= Beginning of Section =

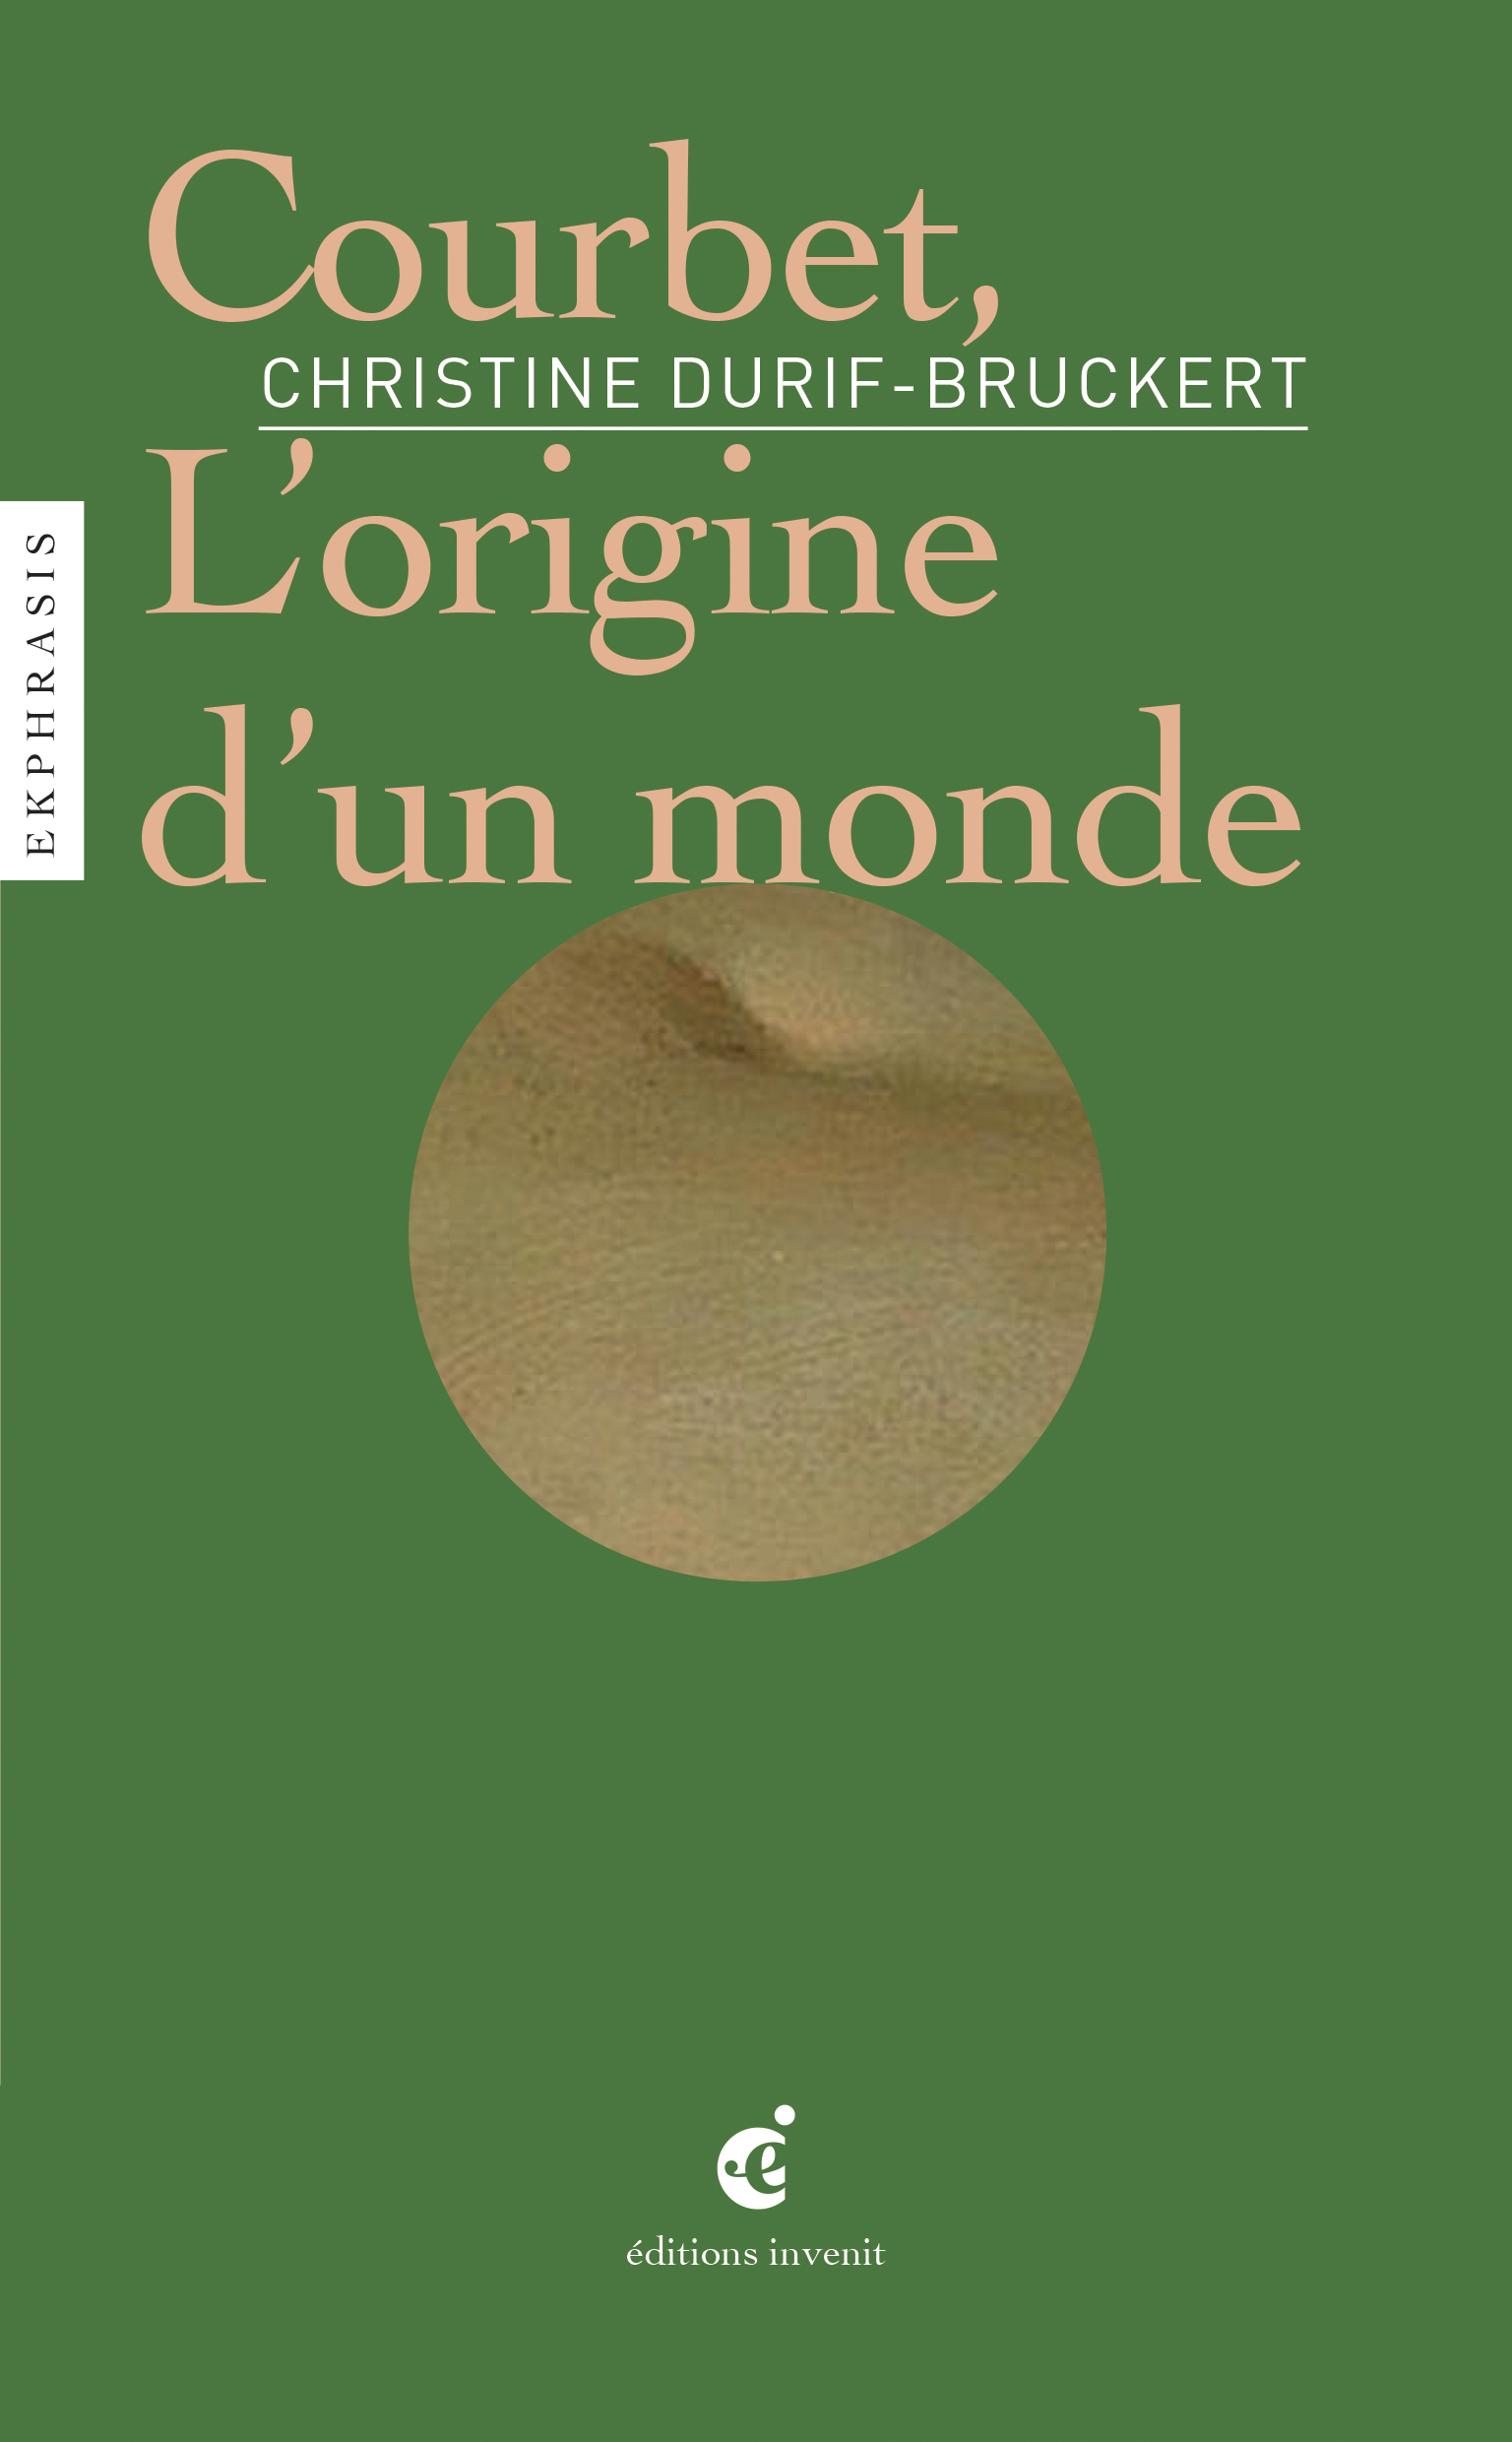 Couverture de l'ouvrage de Christine Durif-Brucker "Courbet, l'origine d'un monde" (paru en 2021 chez INVENIT)
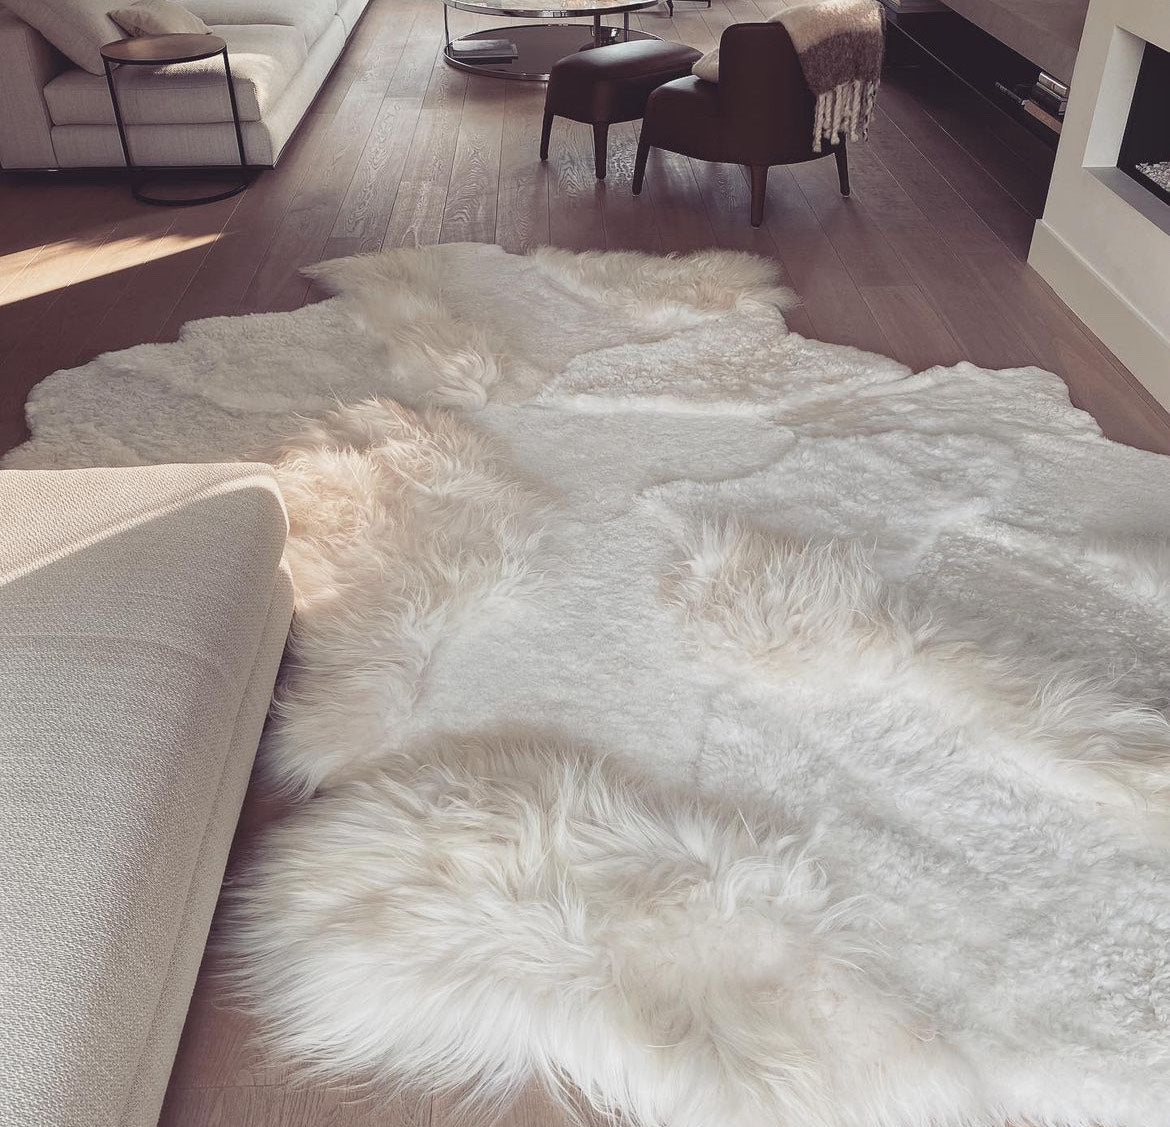 Wit tapijt uit schapenvachten, gemaakt uit IJslandse schapenvachten welke door Monroe life aan elkaar worden genaaid ins ons ervaren atelier
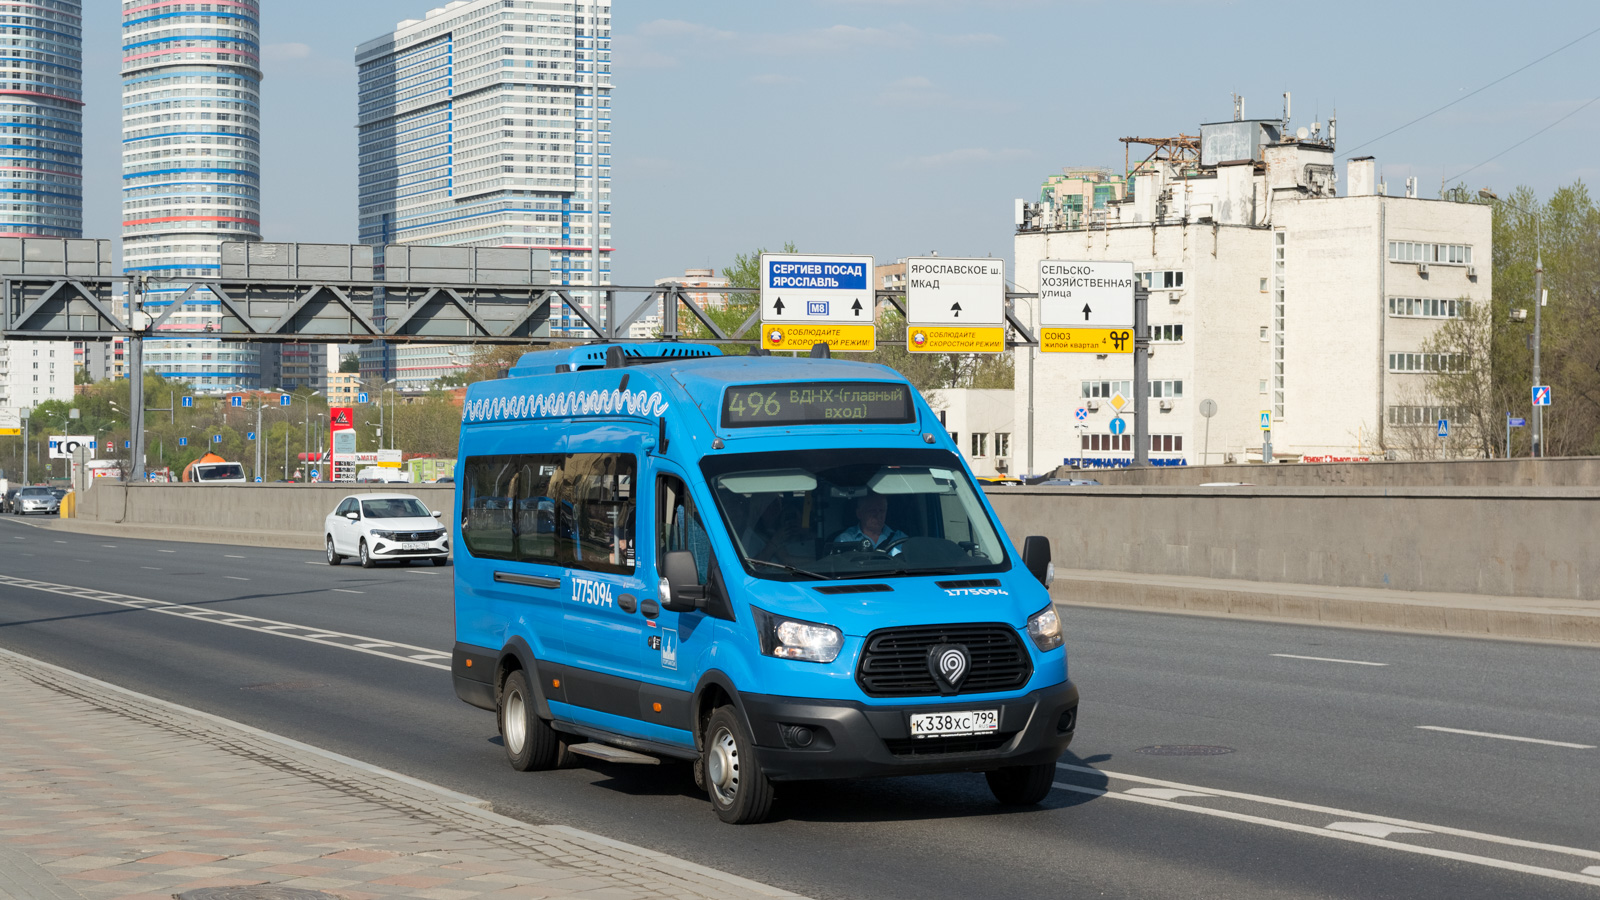 Moszkva, Nizhegorodets-222708 (Ford Transit FBD) sz.: 1775094
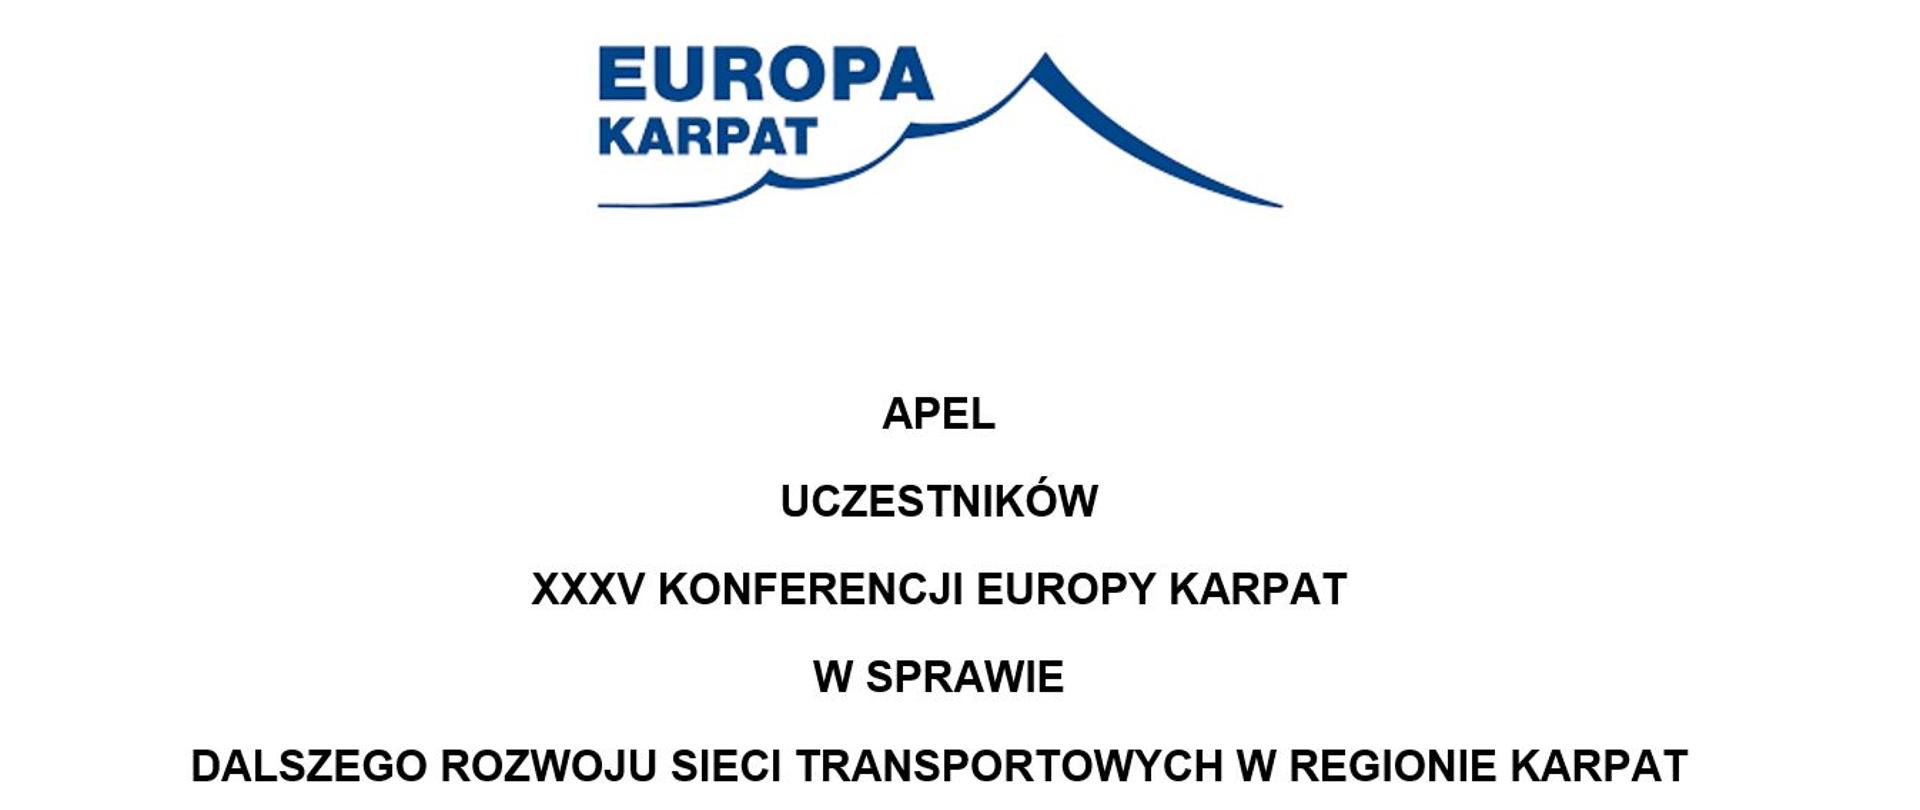 Europa Karpat jednym głosem o potrzebach transportowych

= End of Section =

> [THE PROBLEM]: Repeat the material line for line. Pictures stay out of the copy.

> [ANSWER SECTION]:
 Couverture de l'ouvrage de Christine Durif-Brucker "Courbet, l'origine d'un monde" (paru en 2021 chez INVENIT)
 Wit tapijt uit schapenvachten, gemaakt uit IJslandse schapenvachten welke door Monroe life aan elkaar worden genaaid ins ons ervaren atelier
 Moszkva, Nizhegorodets-222708 (Ford Transit FBD) sz.: 1775094
 Europa Karpat jednym głosem o potrzebach transportowych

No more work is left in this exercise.